In November 2018, when then-president Donald Trump challenged a federal judge’s impartiality by calling him an “Obama judge,” Supreme Court Chief Justice John Roberts was indignant. He insisted, “We do not have Obama judges or Trump judges, Bush judges or Clinton judges. What we have is an extraordinary group of dedicated judges doing their level best to do equal right to those appearing before them.”
I wanted to believe him. It was right to criticize the actual rulings of Trump-appointed judges, just as you might do so with a judge appointed by any other president, but it was wrong to label them “Trump judges,” as if the appointing president defined their judicial philosophy. True, prior to the Trump presidency, political scientists tried to match the ideology of judges with that of the appointing president, with varying success; at best, research showed that most judges ranged from the moderate right to the moderate left. The Senate confirmation process — with some exceptions — selected judges in proportion to their not taking extreme positions earlier in their judicial careers.
Take Ruth Bader Ginsburg. As a District of Columbia Appeals Court judge, she wrote narrow decisions, hewing closely to precedent. Jill Lepore (writing in The New Yorker) described Ginsburg’s circuit court years as “something like a decontamination chamber, in which Ginsburg was rinsed and scrubbed of the hazard of thirteen years as an advocate for women’s rights.” By 1993 she was sufficiently “depolarized to be appointed to the Supreme Court.” And the “depolarization” was not a ruse. She was the same on the Supreme Court, while the press labeled her a “liberal.”
District court judges were even more constrained, no matter who had appointed them. In the 1990s, the predominant approach was “managerial judging,” a phrase coined by Yale Law Professor Judith Resnik. Lower court judges were supposed to focus on being efficient, encouraging settlements, alternative dispute resolution, not writing opinions unless absolutely necessary, and only then on narrow grounds. (I described it as the pressure to “duck, avoid, and evade.”)
Recent events have proven Roberts (and me) wrong. There are no Obama, Bush, or Clinton judges, (or Reagan and Carter) but there are Trump-era judges. Not all of Trump’s appointees fit the pattern, nor do they behave as Trump appointees in every case, but there are clear patterns.
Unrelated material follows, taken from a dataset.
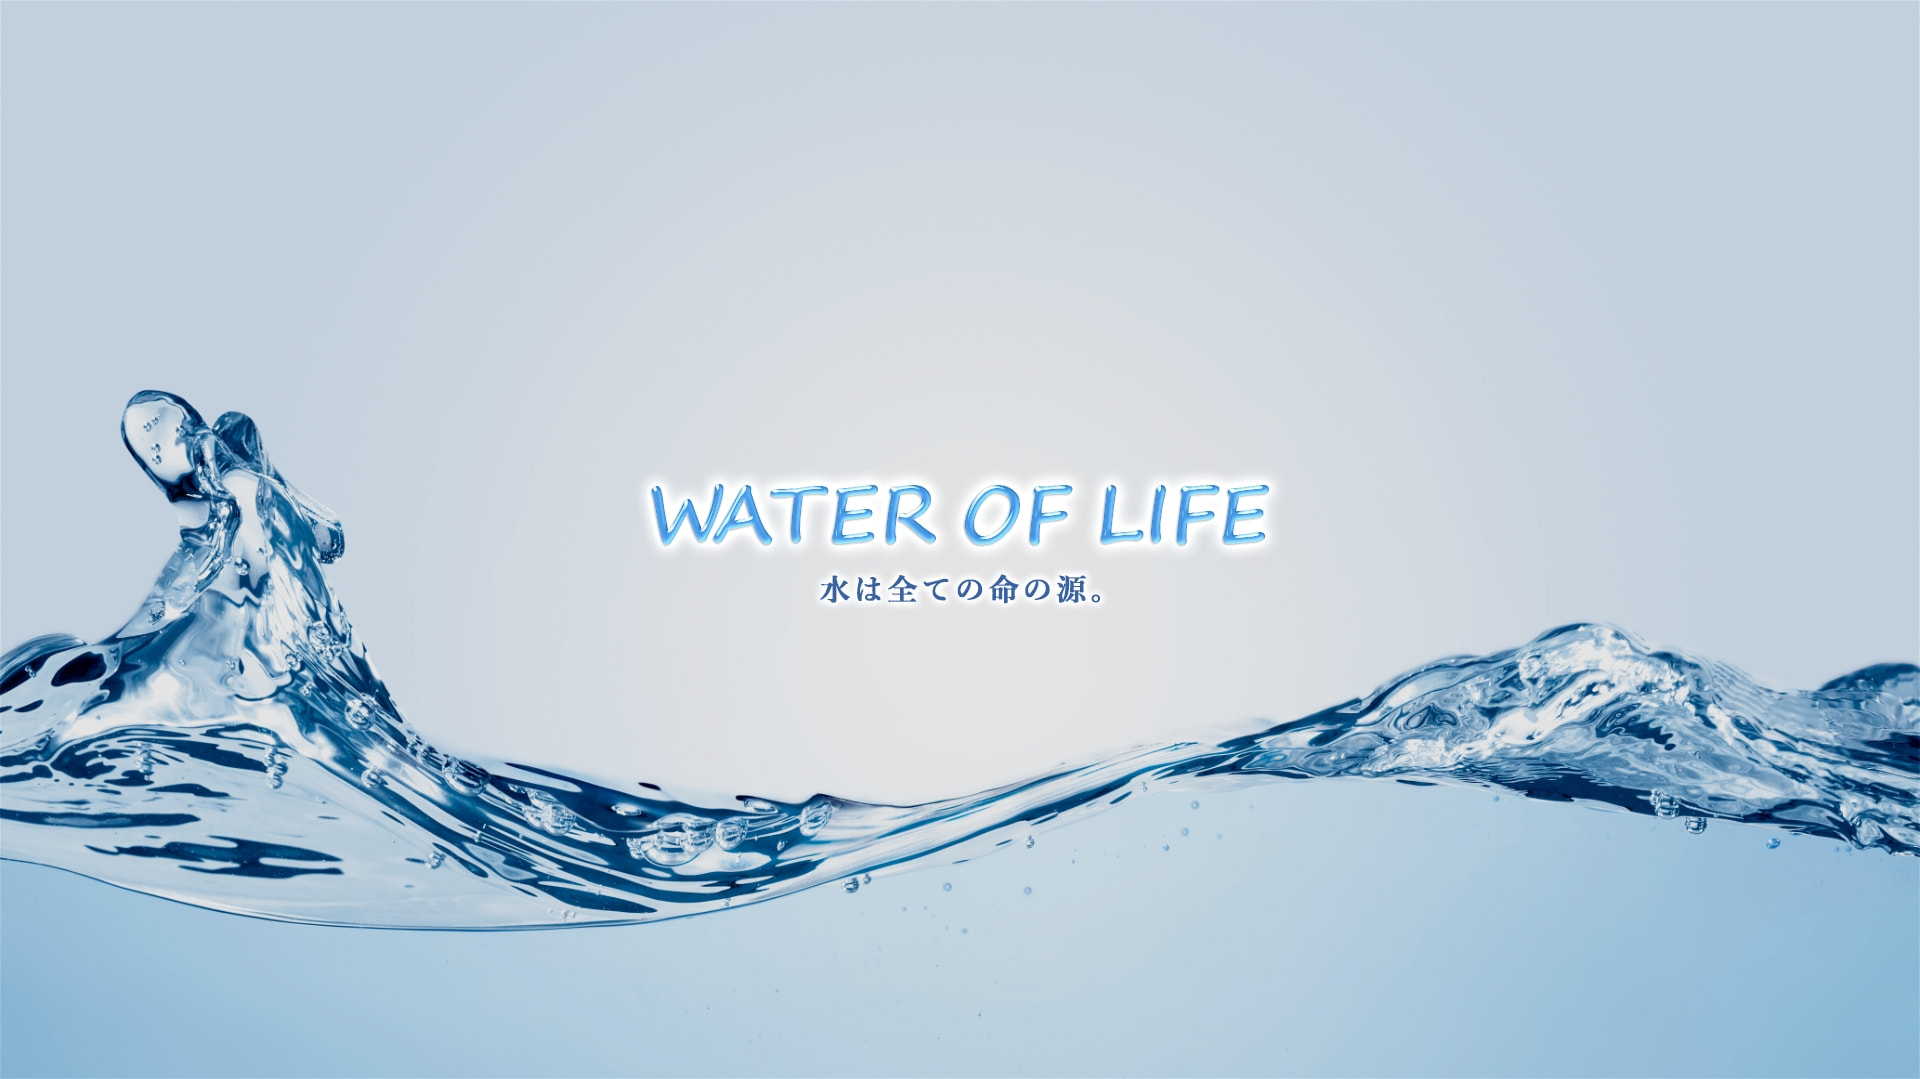 Water of Life 私たちは命の水を守る活動をしています。

Trump judges were appointed at a time of dramatic change at the Supreme Court; “doctrinal flux” was the euphemism that Judge Stuart Kyle Duncan labeled it in the talk he intended to make at Stanford Law School (the one interrupted by student protests). What is “doctrinal flux?” It’s a fancy way of saying that to this conservative Supreme Court, all precedents are up for grabs. It is not just well-known constitutional precedents. This court has changed settled procedures (like accepting direct appeals from the district court to the Supreme Court during the Trump administration) and softened the rules on standing (which require parties to have a direct interest in the case outcome). As Slate’s Dahlia Lithwick and Mark Joseph Stern said: “One case after another blew up decades of existing precedent and tests and doctrine and replaced them with Rorschach exams that transformed contemporary Republican policies into constitutional law.”
How does this affect the district court? While district court judges don’t have the authority to reconsider precedent, some Trump judges didn’t get the memo. The constitutional ceiling that constrained all judges has been weakened, if not shattered.
Judge Aileen Cannon tried to stop an ongoing criminal investigation of Trump for which she had no constitutional authority. A Trump appointee in Arkansas ruled in February that the Voting Rights Act can’t be enforced by private individuals or groups, despite more than five decades of such litigation. In May, another Trump appointee in Florida canceled scheduled arguments in a challenge to the federal mandate for mask use in transportation, then rushed out a decision striking down the requirement days before it was to expire.
Now comes Judge Matthew Kacsmaryk. He ruled that mifepristone, one of the two drugs used in medical abortions, is unsafe, although it has been used for more than two decades. He granted standing to an organization formed a month before in Amarillo, Texas, where Kacsmaryk is the only federal judge. He tapped into the skepticism of some Supreme Court justices about administrative delegation, even with an agency long recognized for its expertise. And he indulged in old tropes about women’s psychological reactions to abortion because some justices parroted them in an earlier case.
With the weakening of that constitutional ceiling, nothing stops conservative litigants from making totally unprecedented arguments and finding a Trump judge who is happy to indulge them. Kacsmaryk obliged.
Nancy Gertner is a retired federal judge in Boston and a law professor at Harvard Law School.